I'm running in eval mode on an NFS share.

Has anyone seen this behavior? Why can't vcc spit out what file is locked?

0 Kudos
1 Solution

Accepted Solutions
admin
Immortal
Immortal
Jump to solution

Removing the host from the cluster doesn't remove aam.vgz (the HA agent). However, removing the host from VC altogether should uninstall aam as well as vpxa. Try that and then re-add the host back to VC.

View solution in original post

0 Kudos
4 Replies
admin
Immortal
Immortal
Jump to solution

Check out this KB: 10051 Virtual machine does not power on because of missing or locked files.

Rick Blythe

Social Media Specialist

VMware Inc.

0 Kudos
acollado175
Contributor
Contributor
Jump to solution

I went through that doc and since I'm running esxi, didn't have the vmware-cmd and just skipped to the part where I reboot my hosts.
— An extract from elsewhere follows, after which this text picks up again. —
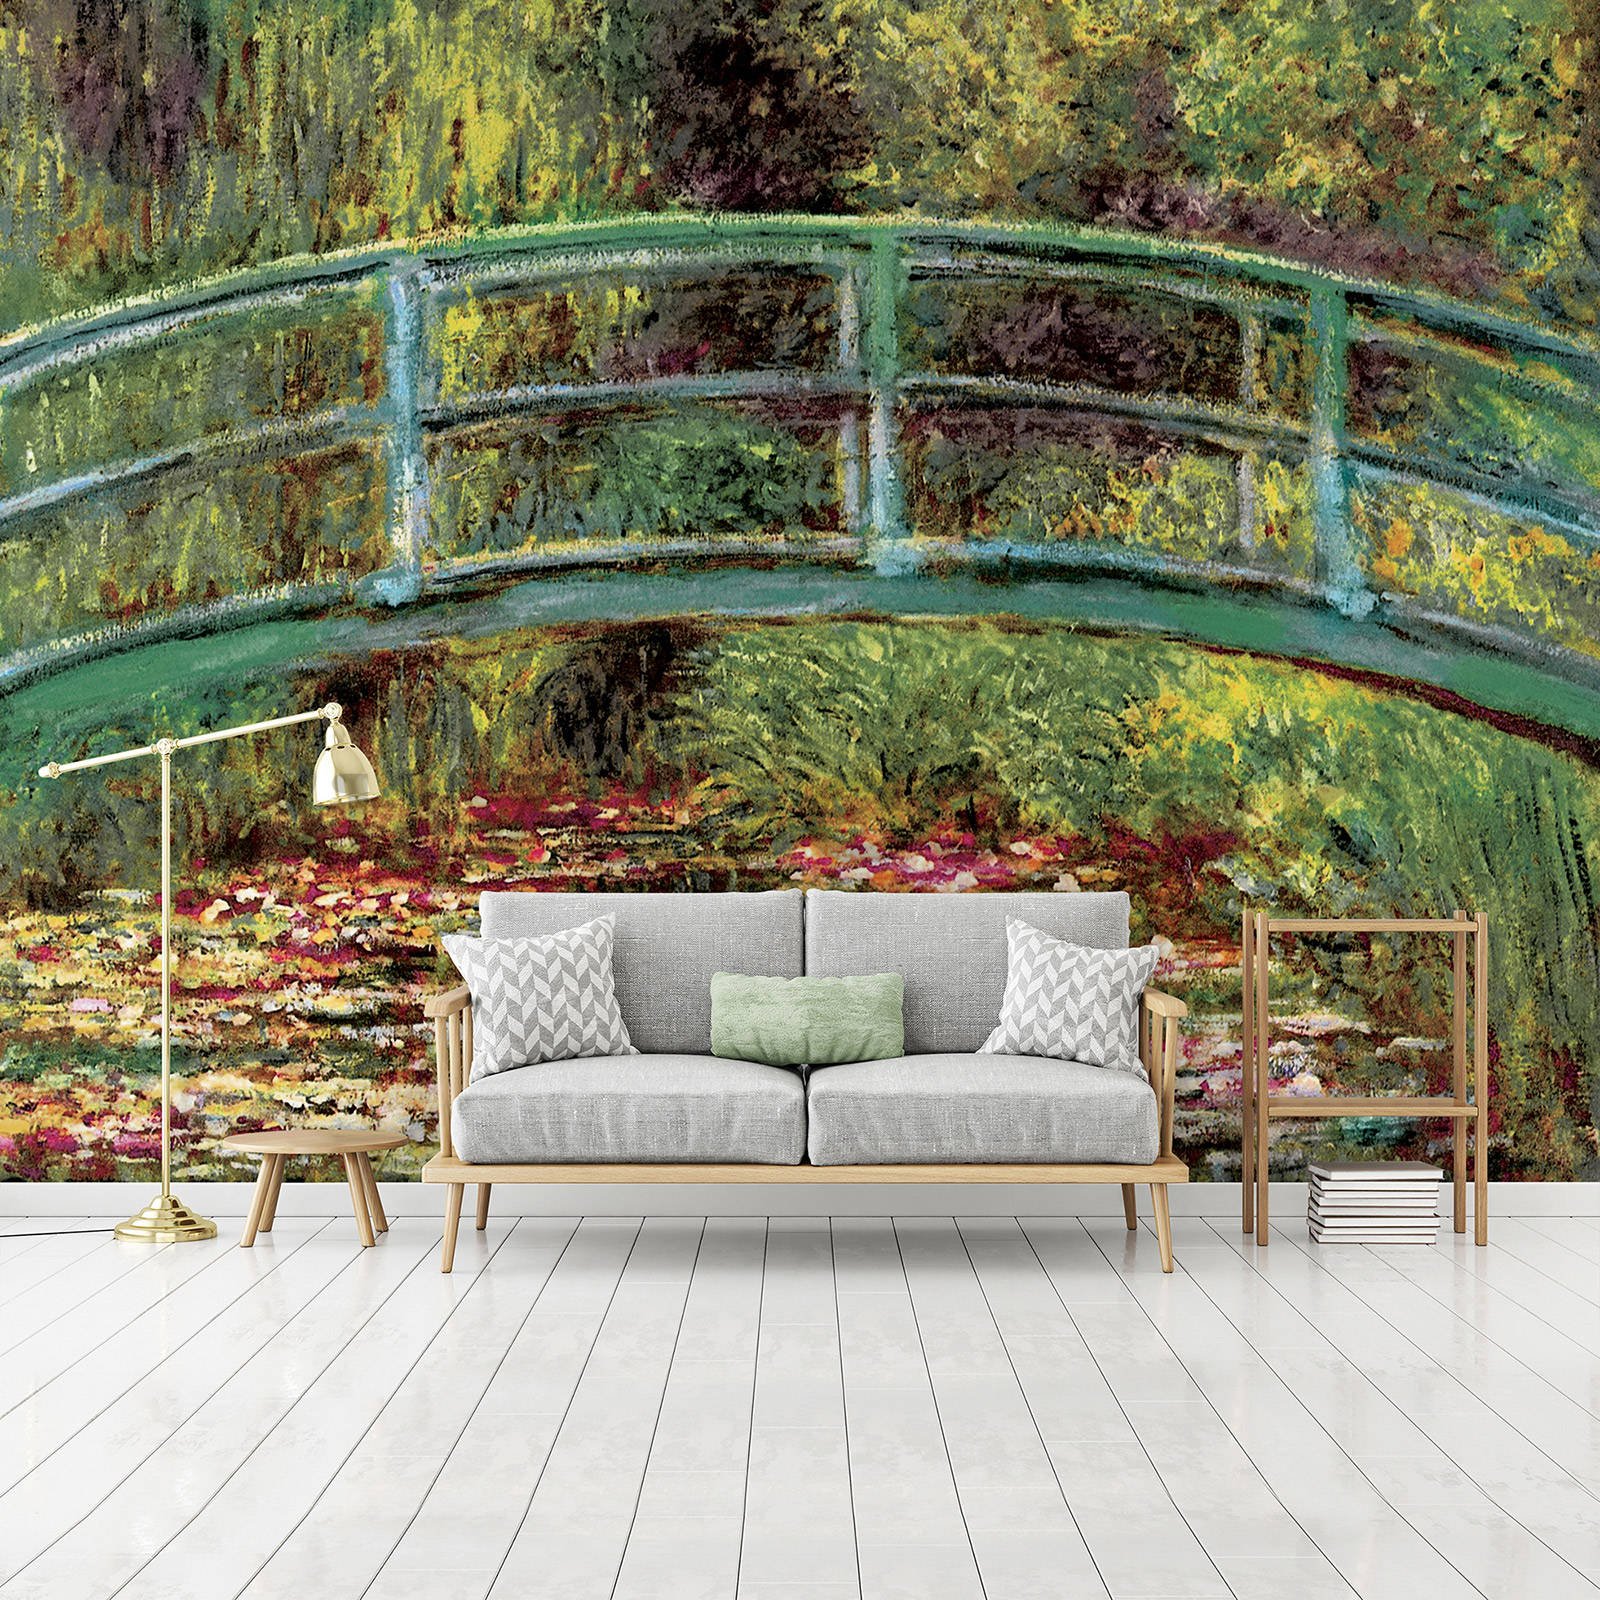 Vlies wall mural: Claude Monet, Pond with water lilies - 152,5x104 cm

Both hosts (ESXi 4.0.0, 171294) fail to boot with "PANIC: Error while reading file: -5, aam.vgz." This is the same problem I ran into after killing power to one of the hosts, but why is it happening to the other one that didn't go down hard? If I repair using the ESXi install media, I can boot; but if I take them down again, I get the same PANIC error.

I am assuming aam is the automatic availablity manager part of HA, so I decided that after i get my hosts back online, I'd remove them from my HA cluster, thereby unconfiguring HA, and then reboot them to see if that would remove the offending module, but it didn't.

Is aam.vgz part of the ha agent installation?

Am I looking at rebuilding my hosts completely?

0 Kudos
admin
Immortal
Immortal
Jump to solution

Removing the host from the cluster doesn't remove aam.vgz (the HA agent). However, removing the host from VC altogether should uninstall aam as well as vpxa. Try that and then re-add the host back to VC.

0 Kudos
acollado175
Contributor
Contributor
Jump to solution

Success! My hosts reboot without PANIC attacks and I can enable FT on my vms.

0 Kudos